Наконец уложили вещи, усадили мать с сестренкой, Тототу. Отец устроился на козлах рядом с извозчиком, который спустил желтый флажок, означавший «свободен», и лениво взмахнул бичом. Пролетка тронулась, открывая блестящую, как новенький песо, статую на пьедестале из розового и белого камня. «Недавно поставили», — кивнул дядя в сторону памятника, но Диего и сам уже разобрал надпись на медной доске:
ХРИСТОФОРУ КОЛУМБУ
В четырехсотлетнюю годовщину открытия Америки
1492–1892
Еле поспевая за дядей, шагал он по пыльной улице Мина, плоской и прямой, как линейка. И это столица?.. Два ряда бесцветных приземистых зданий тянутся, уменьшаясь, куда-то вдаль. Пара мулов тащит по рельсам обшарпанный трамвайный вагончик. Вправо и влево отходят улицы и переулки — тоже прямые, грязные, со сточной канавой посередине… Гуанахуатские улички припомнились ему: как они извиваются, карабкаются, ныряют, какие там громоздятся дома, непохожие один на другой; припомнились холмы, что вздымаются среди разноцветных крыш, да и сами то и дело меняют окраску — то они голубые, то бурые, то розовые. А здесь все было выцветшее, однообразное. Равнодушные лица плыли навстречу, поглядывали, зевая, из окон.

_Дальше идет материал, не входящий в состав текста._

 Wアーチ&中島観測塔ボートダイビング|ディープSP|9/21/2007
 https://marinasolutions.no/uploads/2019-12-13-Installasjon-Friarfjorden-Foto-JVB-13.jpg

Внезапно дядя остановился — Диего чуть не налетел на него — и, попросив обождать минутку, скрылся за дверью под вывеской «Пулькерия». Этот дом отличался от соседних. На фасаде у него нарисованы были цветы, женщины, пистолеты, и сквозь окна виднелись еще какие-то изображения на стенах комнат… Но тут появился дядя, утирая губы, и они двинулись дальше.

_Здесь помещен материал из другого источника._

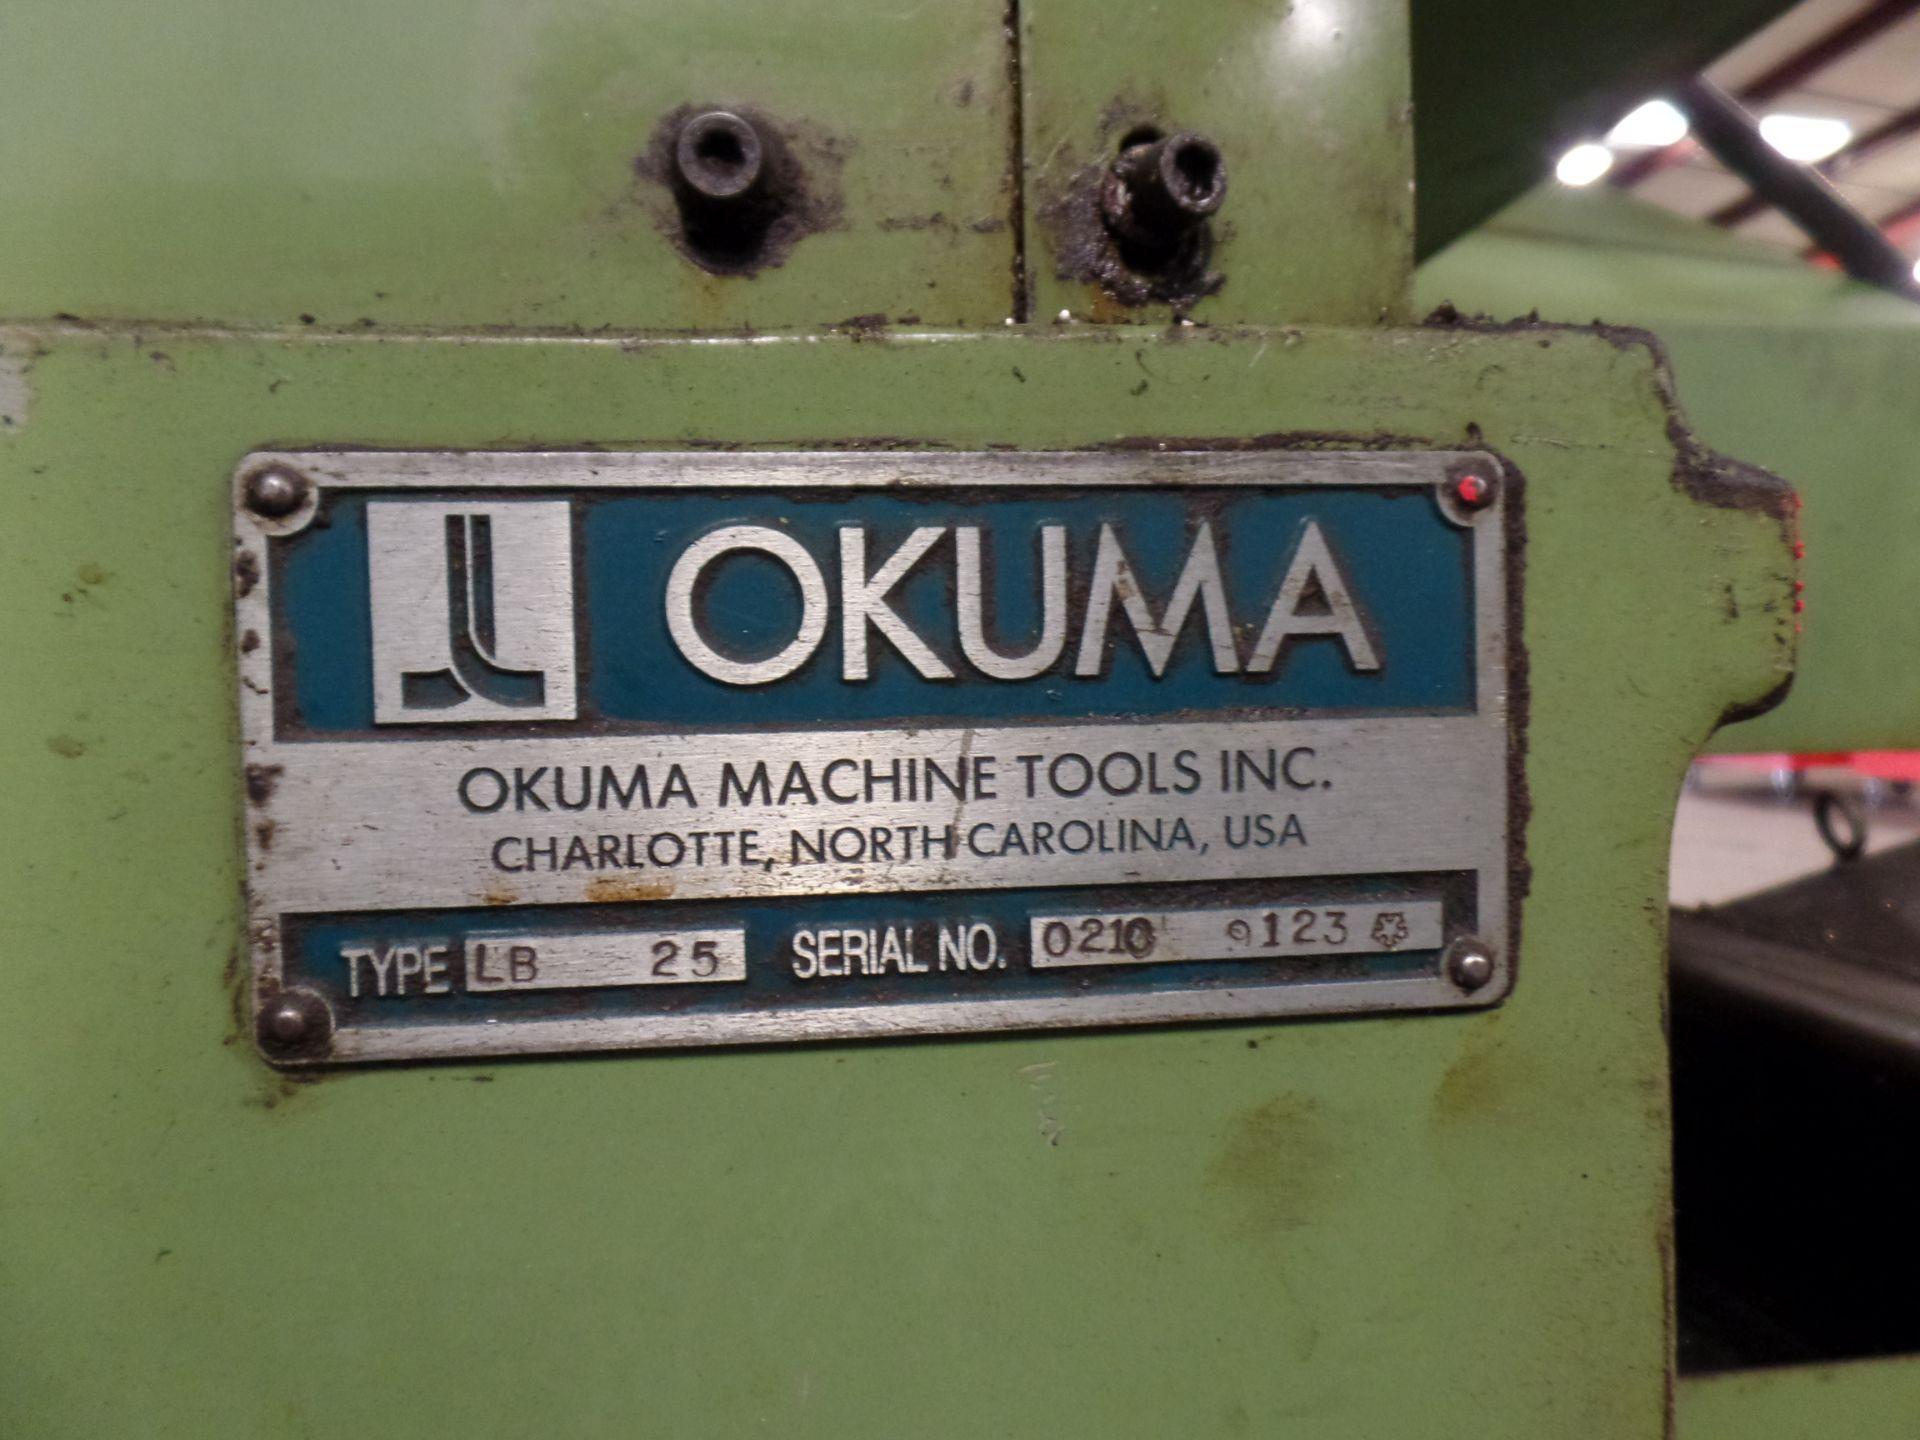 "1996 Okuma LB 25 2 Axis CNC Lathe, 5020 control , chip conveyor, 10"" chuck SN: 02109123 - Image 7 of 7"

Завидев другую такую же вывеску, Диего прибавил шагу и остановился первым, так что на этот раз, пока дядя вернулся, он успел рассмотреть через окна гораздо больше. Стены и тут оказались расписанными сверху донизу, с потолка свисали бумажные гирлянды, а за прилавком на полках рядами стояли темные фляги самых причудливых форм и прозрачные бутыли, в которых мерцала жидкость — рубиновая, зеленая, золотистая. И люди, толпившиеся у стойки, сидевшие за столиками, отличались от тех, на улице, — они кричали, хохотали, пели и чокались так, что стаканы едва не разлетались вдребезги.
Когда же еще через несколько кварталов показалась вывеска, где, кроме слова «пулькерия», значилось и название «Битва при Ватерлоо», Диего, вспомнив рассказы отца о великом Наполеоне, решительно шагнул вслед за дядей через порог. Разноголосый шум оглушил его, неприятный запах — тот самый, что шел от дяди, только во много раз сильнее, — ударил в нос, но фигуры на стенах заставили его позабыть обо всем.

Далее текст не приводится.